** Work to be completed **
Below, find the line containing "Kawasaki z650 6"; from there to the final line, print every line exactly and skip the pictures.

** Supplied information **
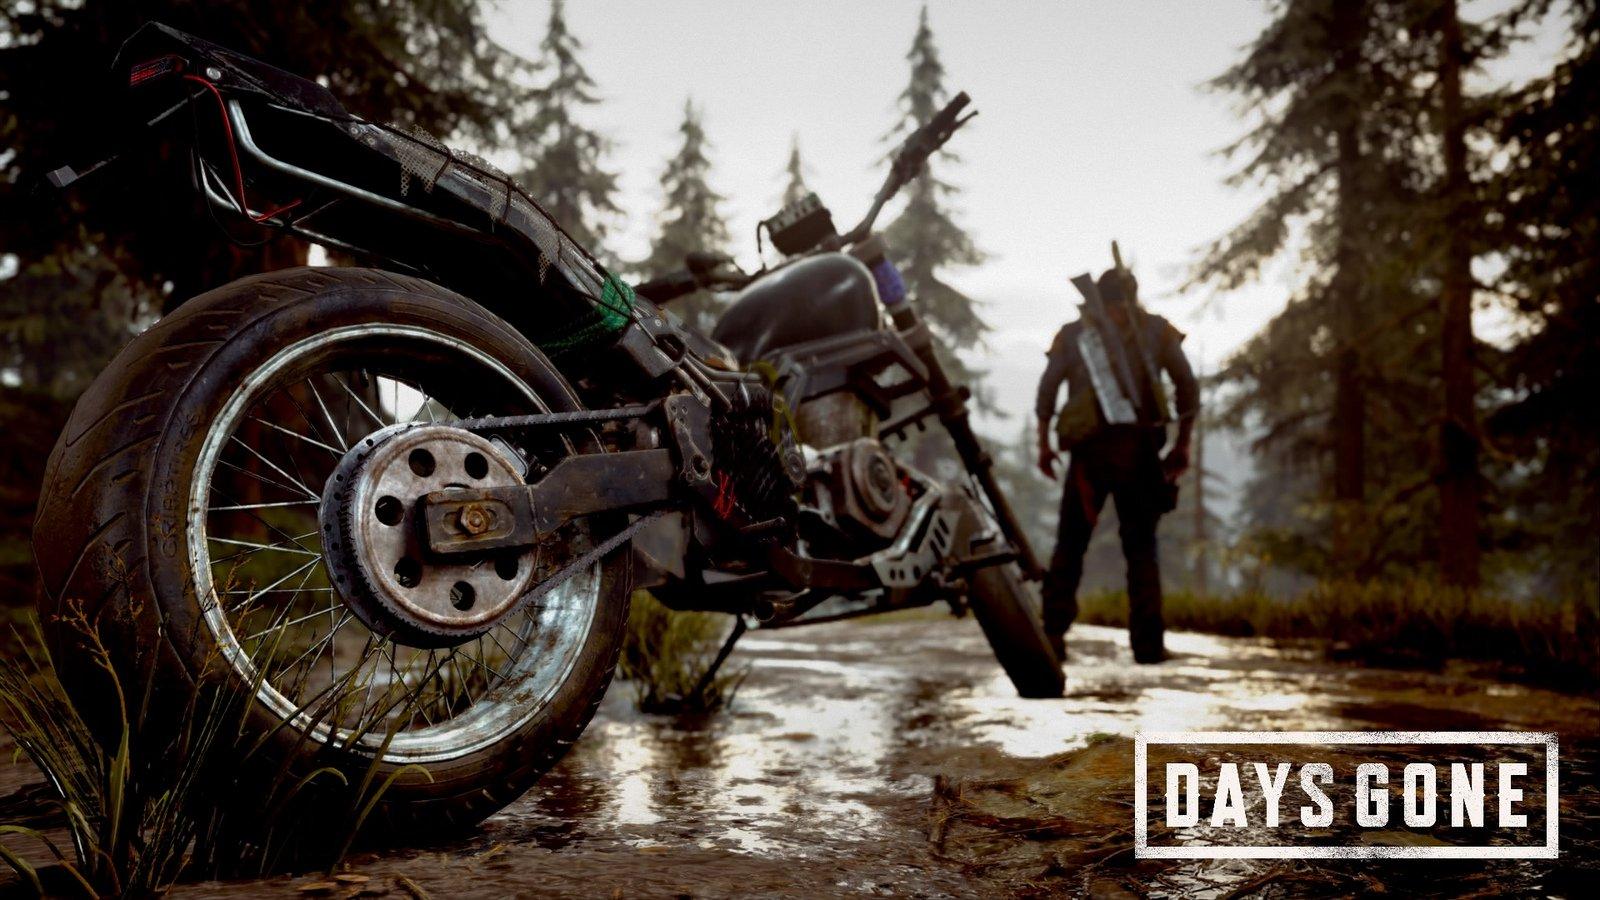 Как отремонтировать мотоцикл в Days Gone?
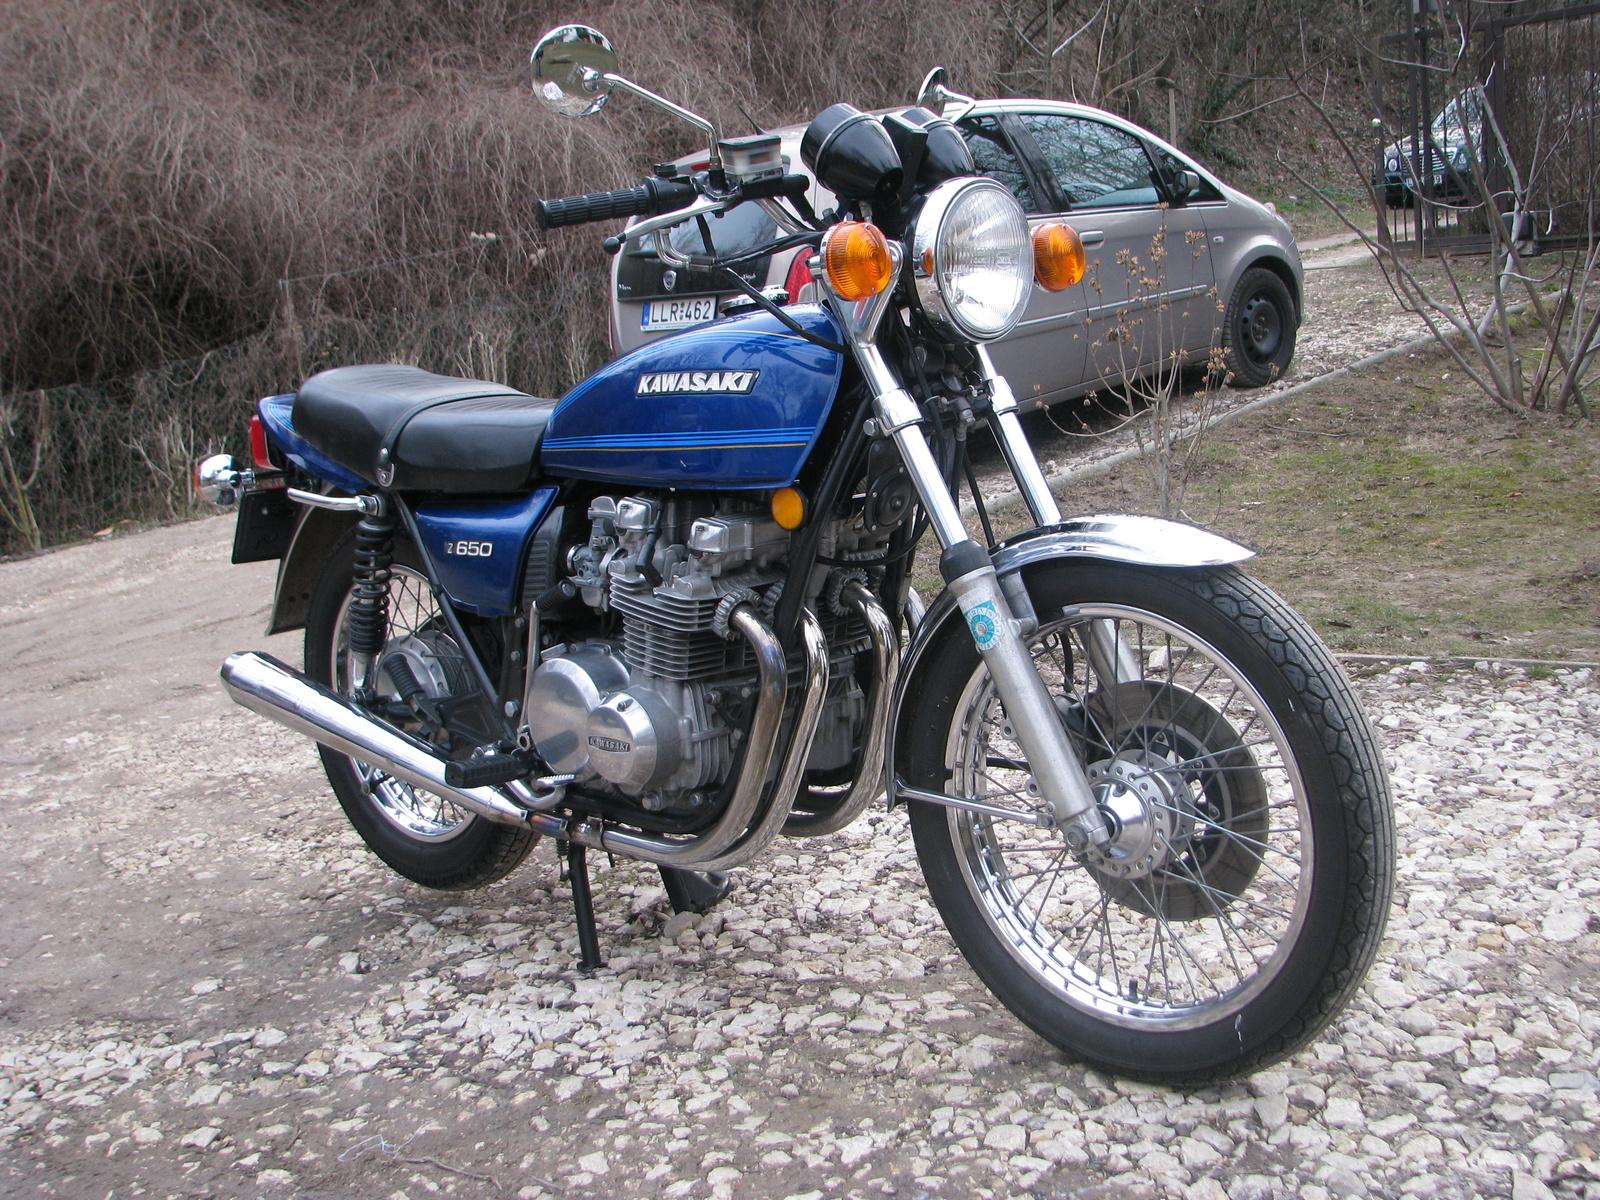 Kawasaki z650 6
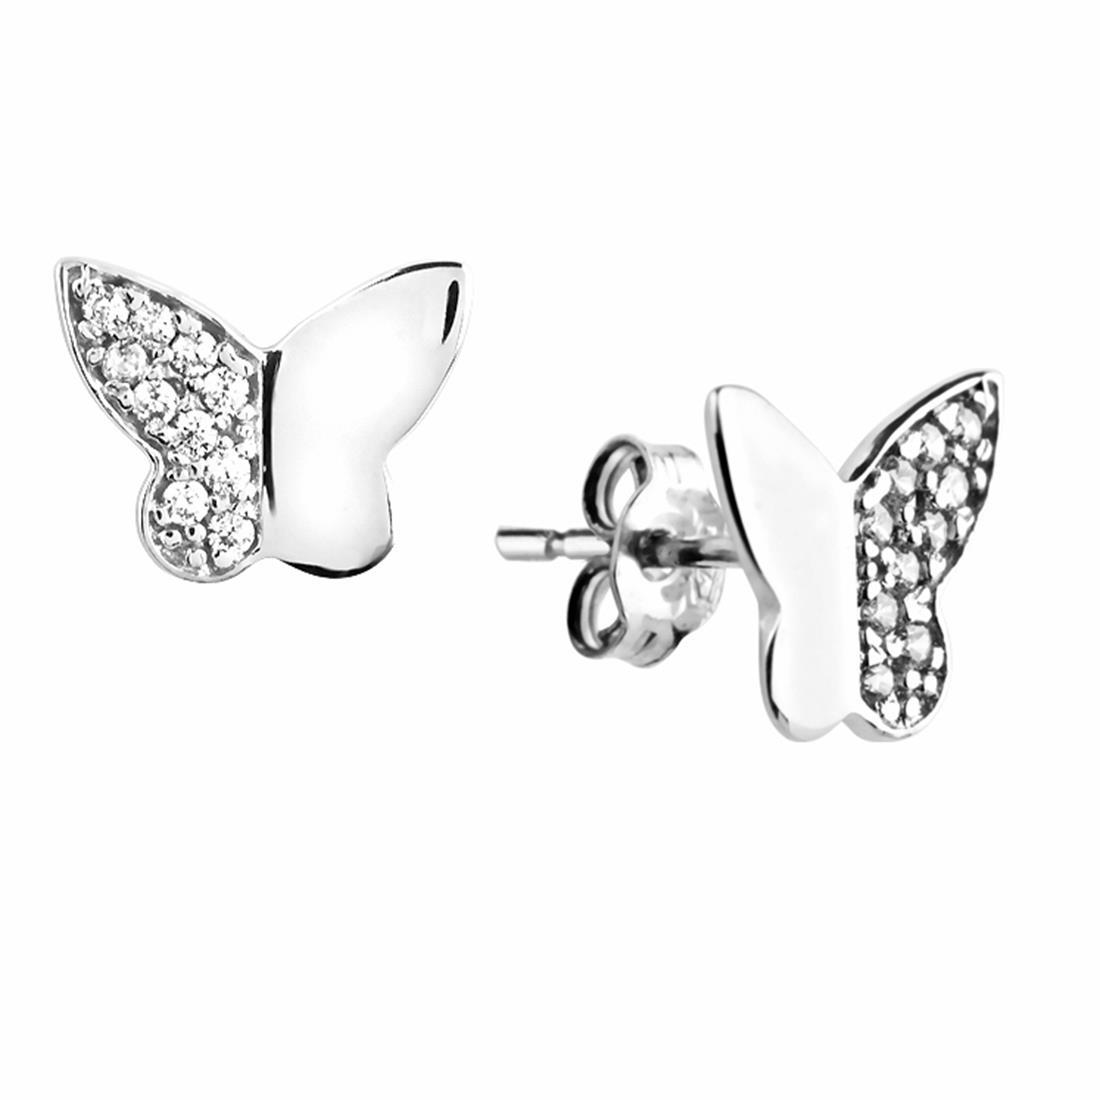 Orecchini in oro bianco con zirconi, design farfalla - ORO&CO

** Task solution **
 Kawasaki z650 6
 Orecchini in oro bianco con zirconi, design farfalla - ORO&CO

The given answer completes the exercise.